Update, 10.30 Uhr: RKI-Chef Wieler betont, dass sein Institut jede Welle korrekt vorausgesetzt habe. Außerdem habe man bereits im Juli zu Booster-Impfungen aufgerufen und auch empfohlen, sich auf den Herbst vorzubereiten. „Ich bin schon lange der Papagei. Wie oft bin ich hier gesessen und hab das immer wieder gesagt“, so Lothar Wieler weiter.

Update, 10.24 Uhr: Spahn spricht auch über Lockdowns. Es sei natürlich eine Lage, in der man nichts ausschließen dürfe, man sollte aber lieber alles dafür tun, derartiges zu verhindern. „Je früher man eingreift, desto weniger hart muss das Gesamtpaket auch sein. Deshalb kann man nichts ausschließen. Wichtig ist aber, dass die Länder möglichst viele Instrumente zur Verfügung haben“. Die Maßnahmen, die in Sachsen etwa angekündigt wurden, finde er gut.

Update, 10.20 Uhr: „Wir halten 2G für sinnvoll, das betrifft alle Menschen. Sie ist wirkungsreicher, je umfangreicher sie ist“, erklärt Wieler in der anschließenden Frage-Runde. Wenn die Regel nicht konsequent umgesetzt werde, könne sie auch nicht richtig wirken. „Es muss schluss sein, dass man diese laiszess-faire-Haltung hat. Alle, die diese Vorgaben haben, sollen sie prüfen. Ende, aus“. Auf Nachfrage eines Reporters, ob dies auch für Fußballer gelte, betont Wieler, dass dies für alle Bereiche gelten müsse.
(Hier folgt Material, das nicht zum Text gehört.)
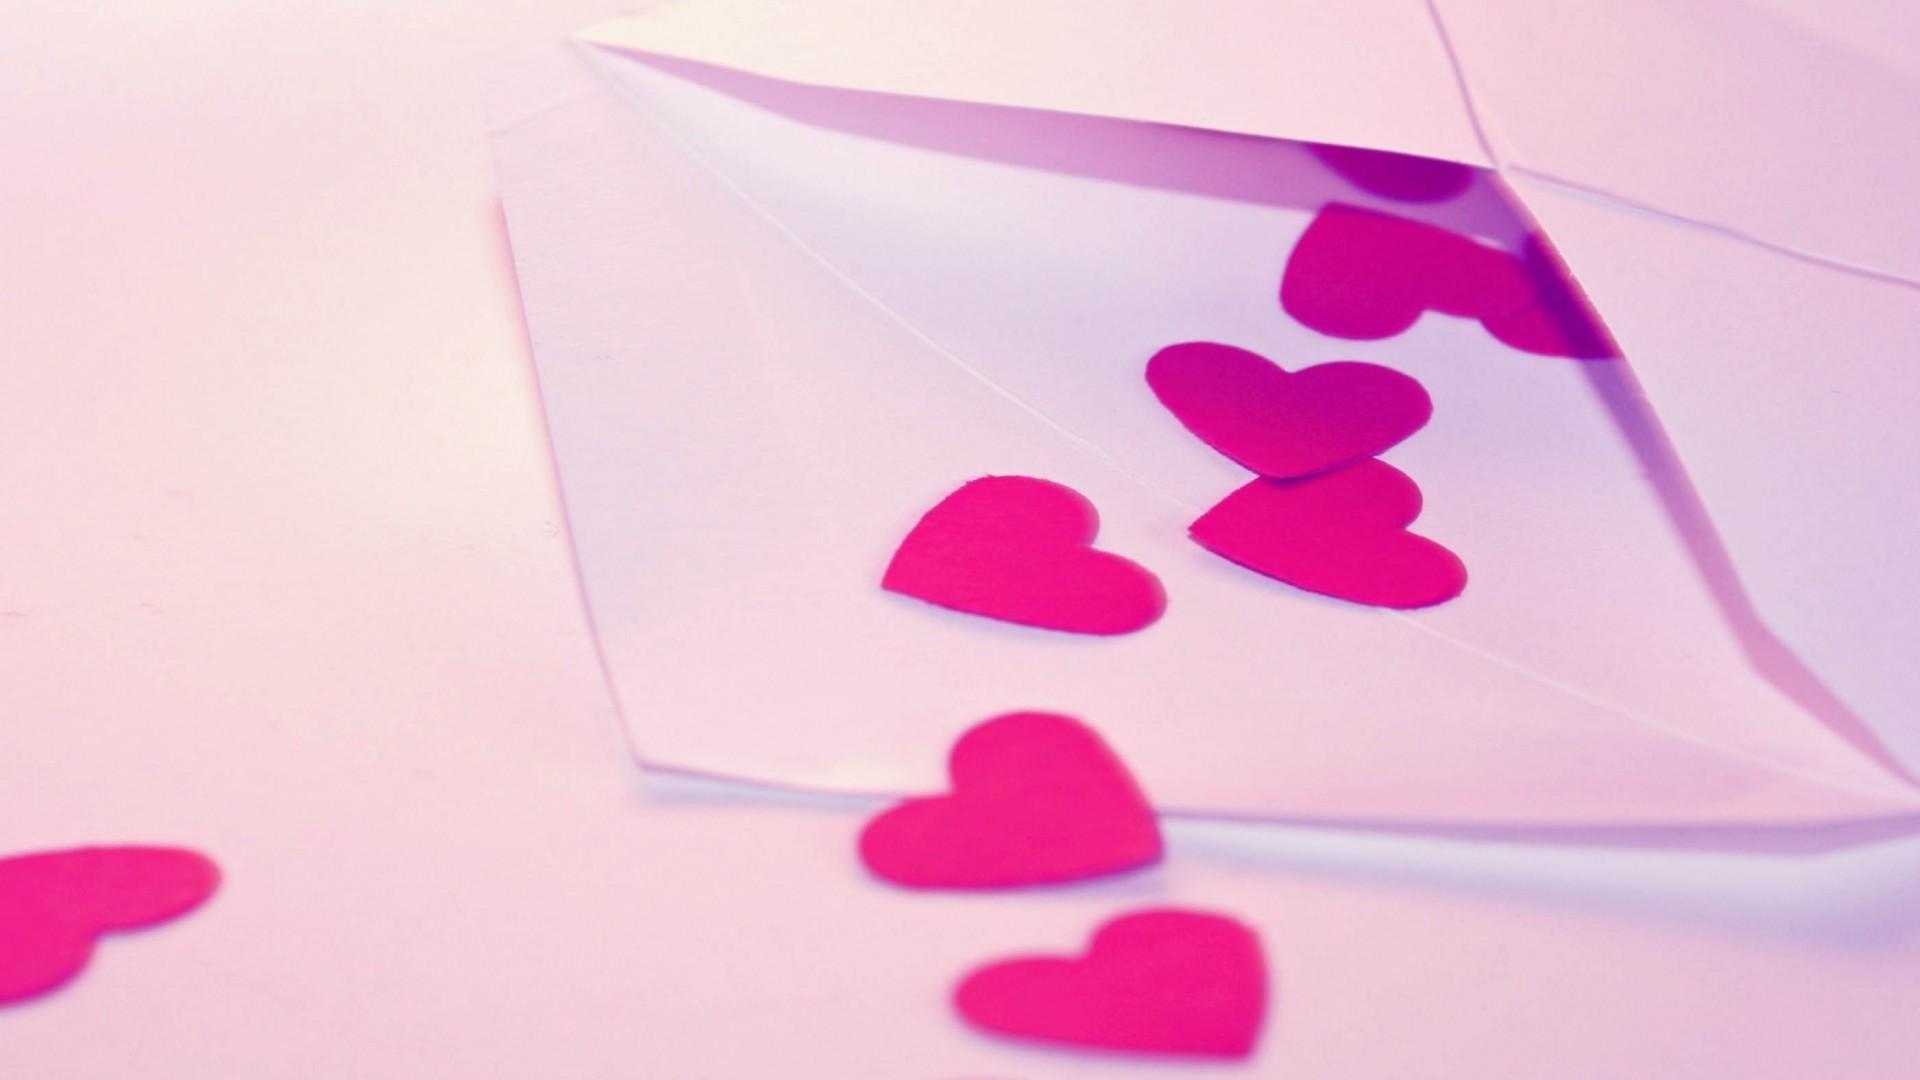 Download Love Desktop Wallpaper Live Hd Wallpaper Hq Pictures Images

Update, 10.13 Uhr: Wieler weist noch einmal darauf hin, wie gut die Impfungen wirken. „Wir müssen die Impflücken schließen. 2G ist wichtig, reicht aktuell aber nicht“, sagt er und plädiert darauf, Kontakte zu beschränken und auch Großveranstaltungen abzusagen. „Dazu gehört auch, dass wir unsere privaten Kontakte so weit wie möglich reduzieren. Wenn sie sich mit Risikogruppen treffen, machen sie bitte einen Selbsttest“, warnt er außerdem. „Bitte, lasst uns alle diese Maßnahmen mittragen. Wir schaffen es nur gemeinsam, diesen Dampfer zu bremsen“. „Jeden Tag infizieren sich zehntausende Menschen in unserem Land, davon werden einige Hundert sterben“, wird Wieler dann drastisch. Damit beendet er sein Statement.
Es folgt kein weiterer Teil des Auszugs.